TASK REQUIREMENTS ▸
Without changing a thing, reproduce the entire listing and leave out its pictures.

+++ INFORMATION PROVIDED +++

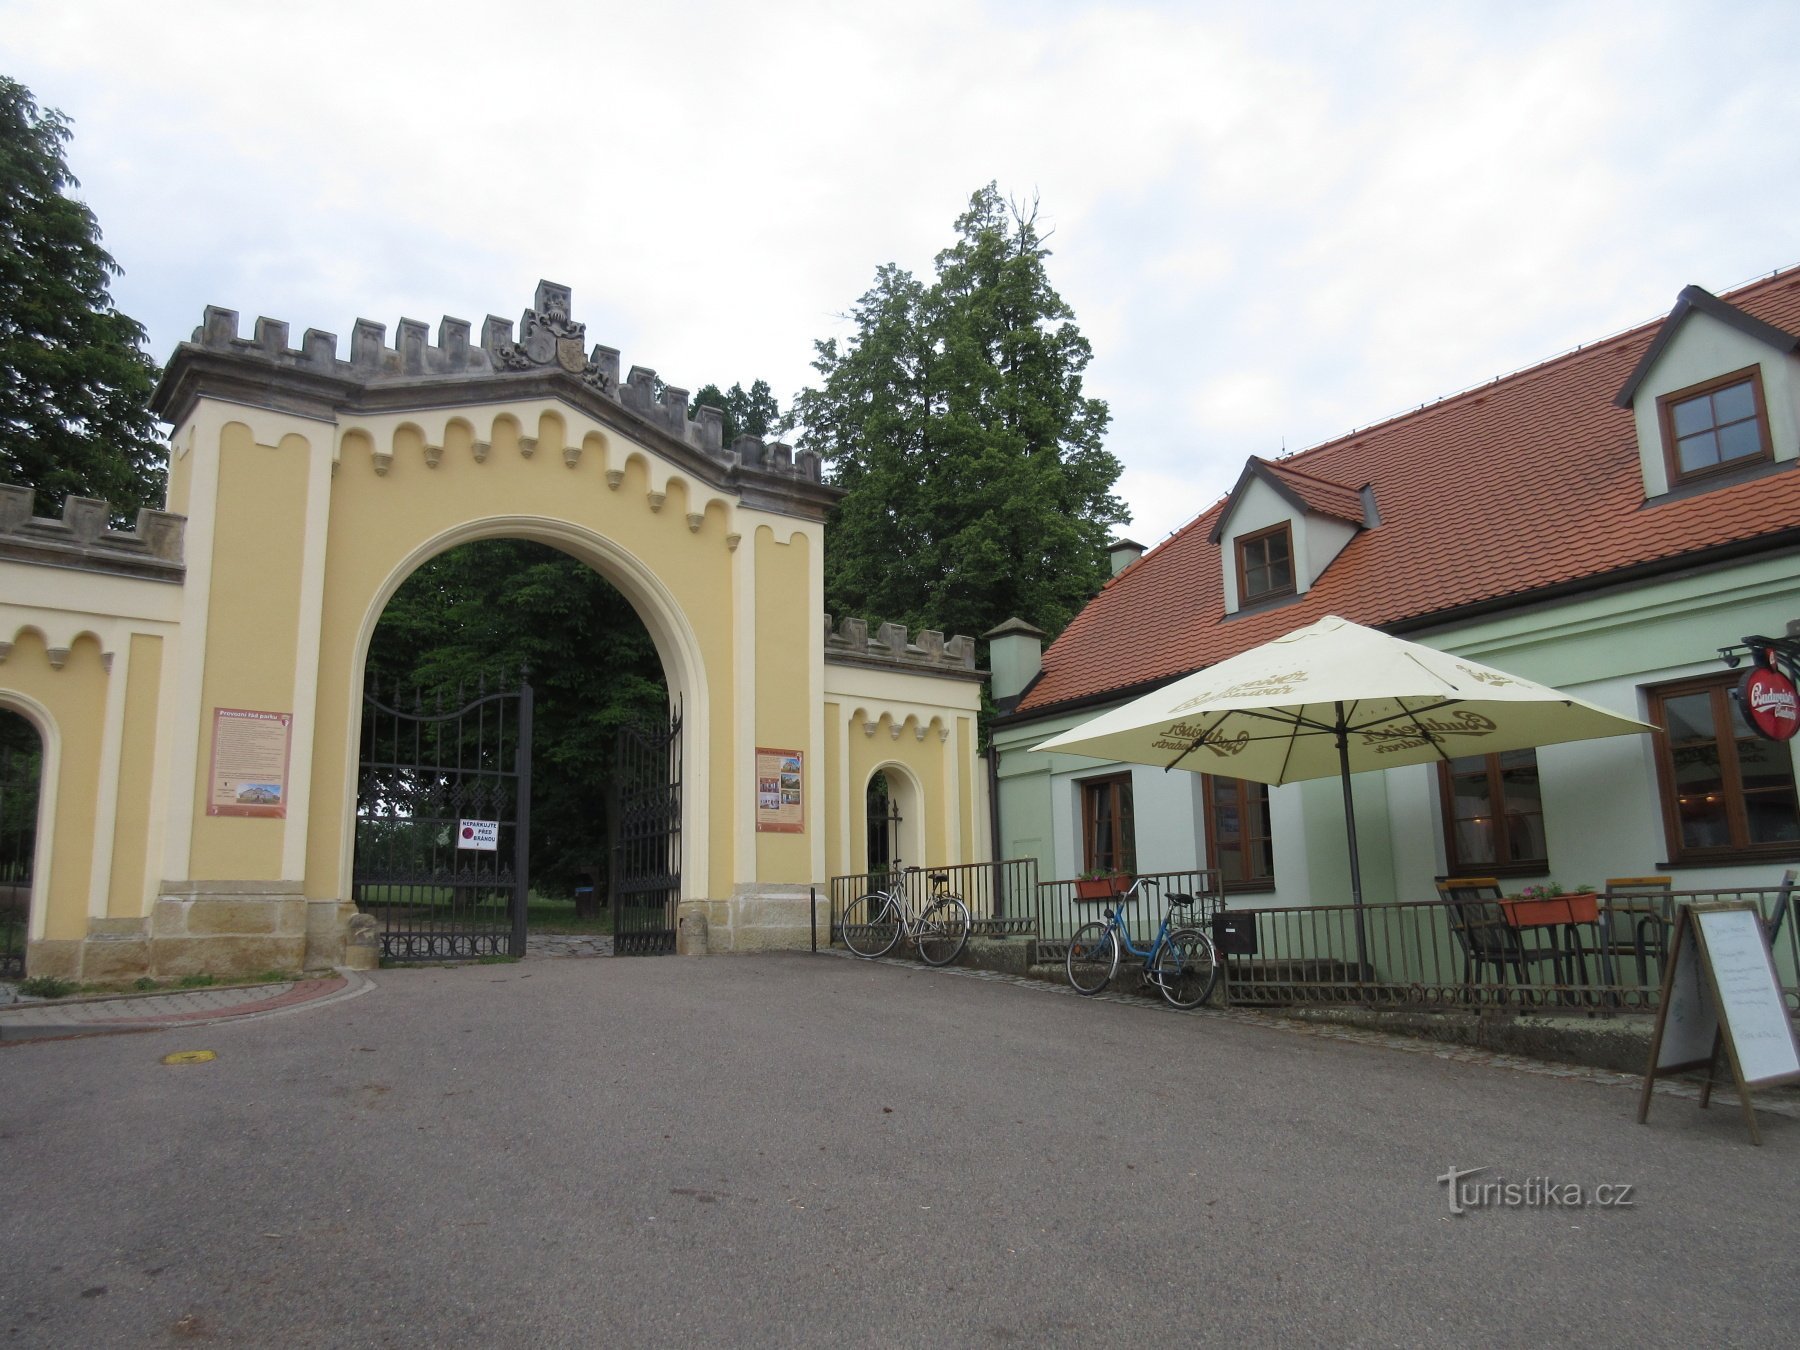 Eingang zum Schlossgarten
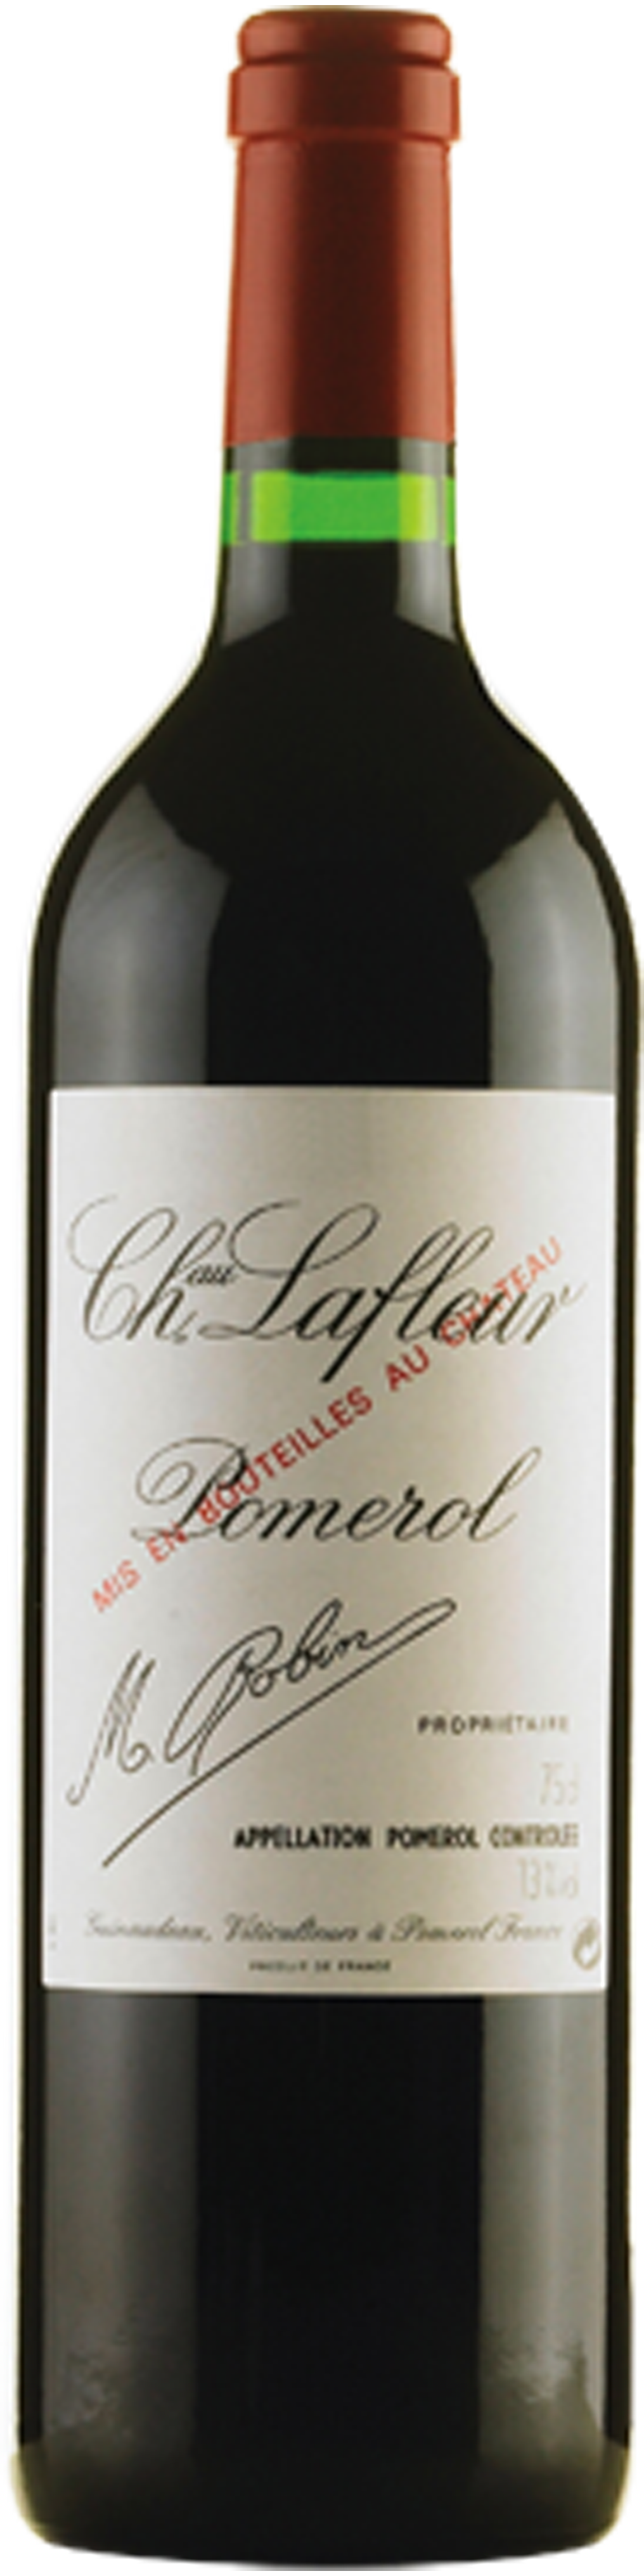 Bottle shot of 1983 Château Lafleur, Pomerol
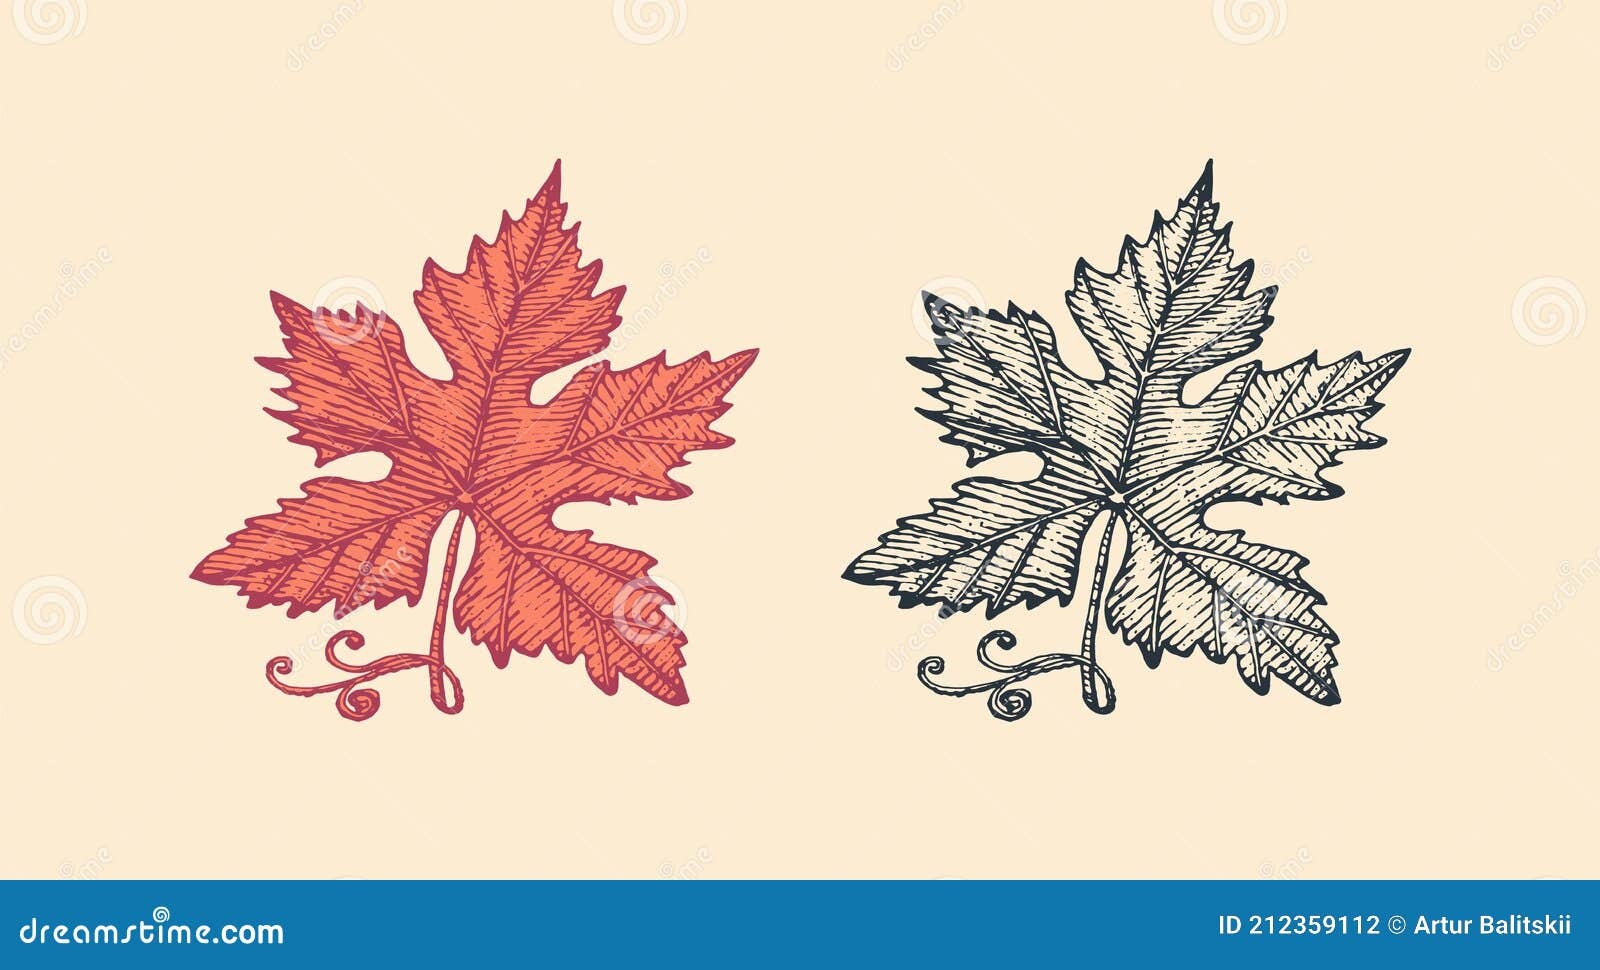 Hand drawn maple leaf vintage engrave sketch Vector Image

+++

PROBLEM SOLUTION ▸
 Eingang zum Schlossgarten
 Bottle shot of 1983 Château Lafleur, Pomerol
 Hand drawn maple leaf vintage engrave sketch Vector Image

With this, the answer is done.